One of the elements in the episode that has been much improved from previous episodes is the presentation of Max Lord. The show has positioned Lord to become a reluctant ally of Team Supergirl in recent episodes and it hasn’t been the most finessed transition but in this episode it sort of works. Lord isn’t the cartoonish villain that he usually is and although he is the creator of the Red K, his admission of guilt but without malice seems almost genuine, which is a step up from Peter Facinelli’s typical hammy take. Also it seems that Lord and his lab is the shows creative engine for more outlandish ideas, which Supergirl has been great at utilizing as of late.
With “Falling” the show presents the dark side of Kara with great performances and promising development that poises Supergirl to make amends for her actions that resulted in significant penalties to her image and relationships with her allies in another solid well-crafted episode.
Speeding Bullet Points
- The Martian Manhunter subplot is another that has been bubbling for a while now and it seems like this week it’s come to a head. Will probably have more thoughts on him next episode.
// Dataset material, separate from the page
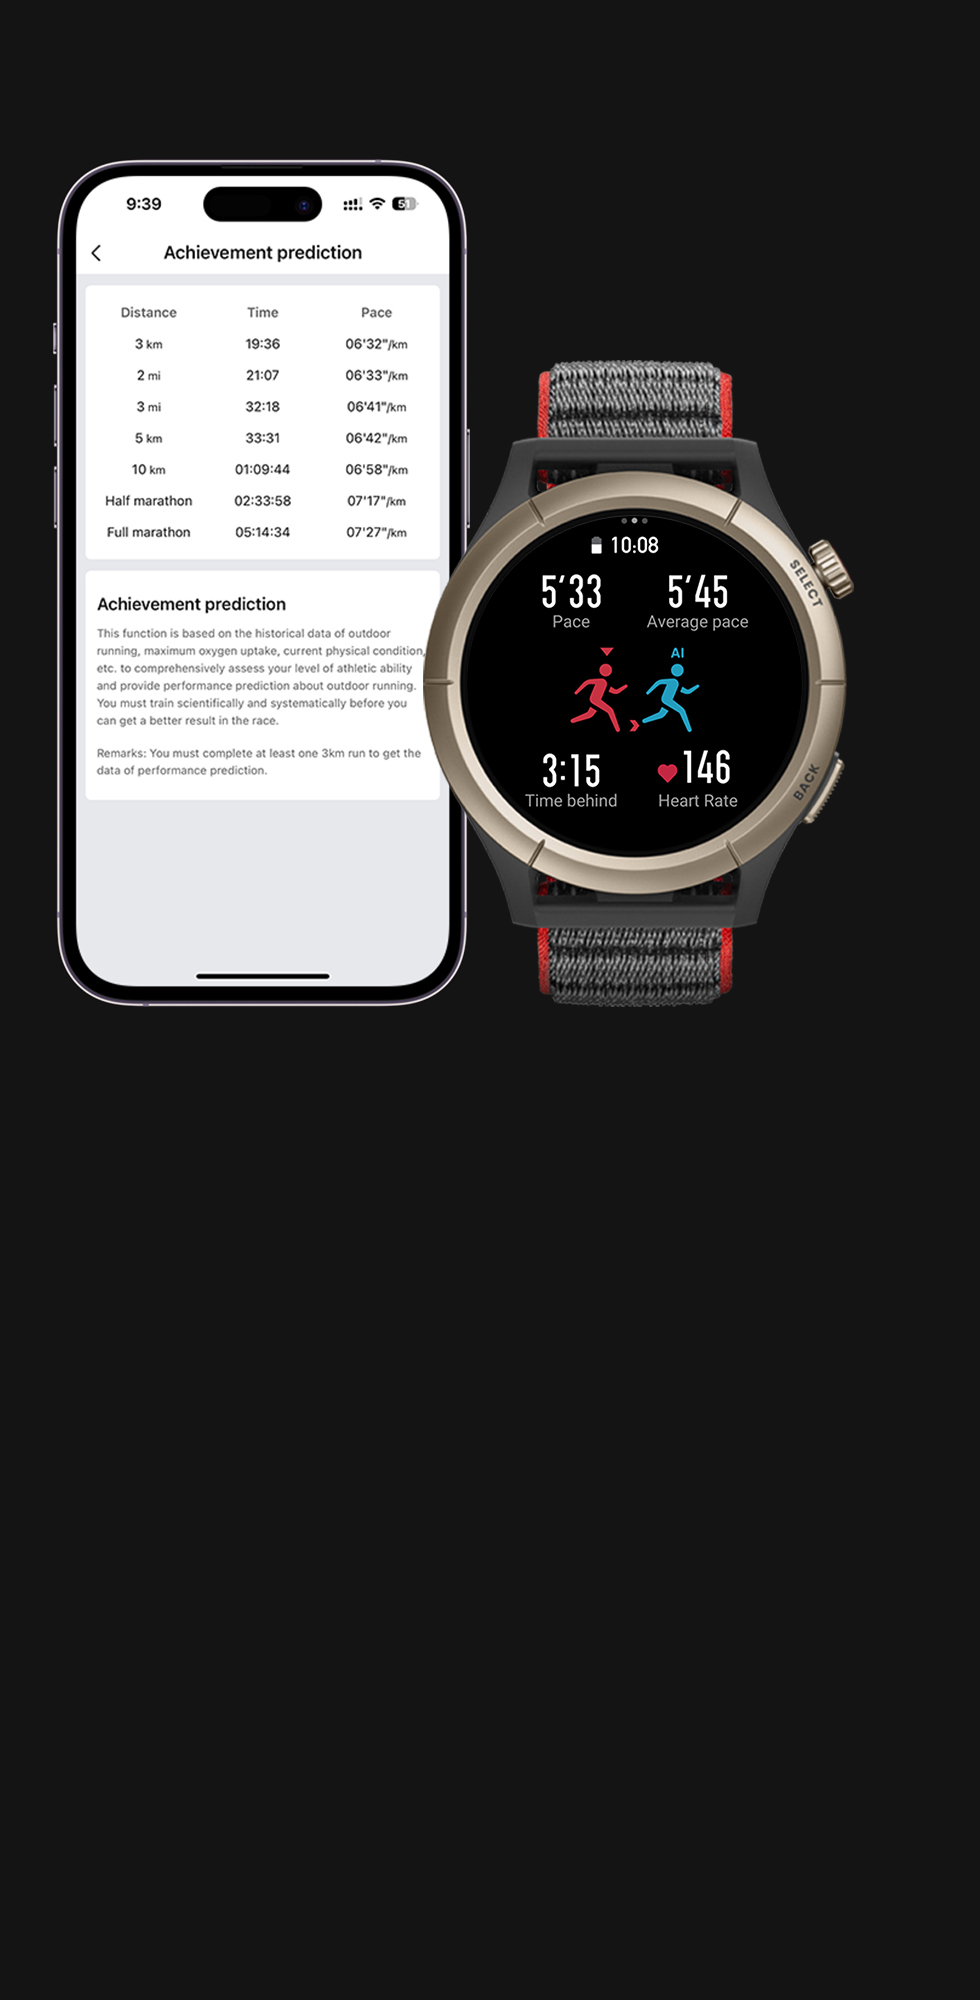 Amazfit Cheetah Pro, Premium running partner that helps you plan, train,  and recover smarter

- Too bad about Siobhan and Winn’s romance. Looks like it may be short-lived thanks to Kara getting Siobhan fired. She’ll probably get her revenge, no doubt.
- So Lucy Lane quit CatCo? Does this mean we won’t see Jenna Dewan-Tatum anymore?
- “Boring people get bored.” –Kara
- What’s up with Hank getting the flirty eye from Senator Crane? Looks like Hank would’ve had the hook up, if not for that darn Red K.
- The moment when Kara was going to take off her glasses and possibly reveal her real identity on the dance floor was pretty funny because it was done so seriously.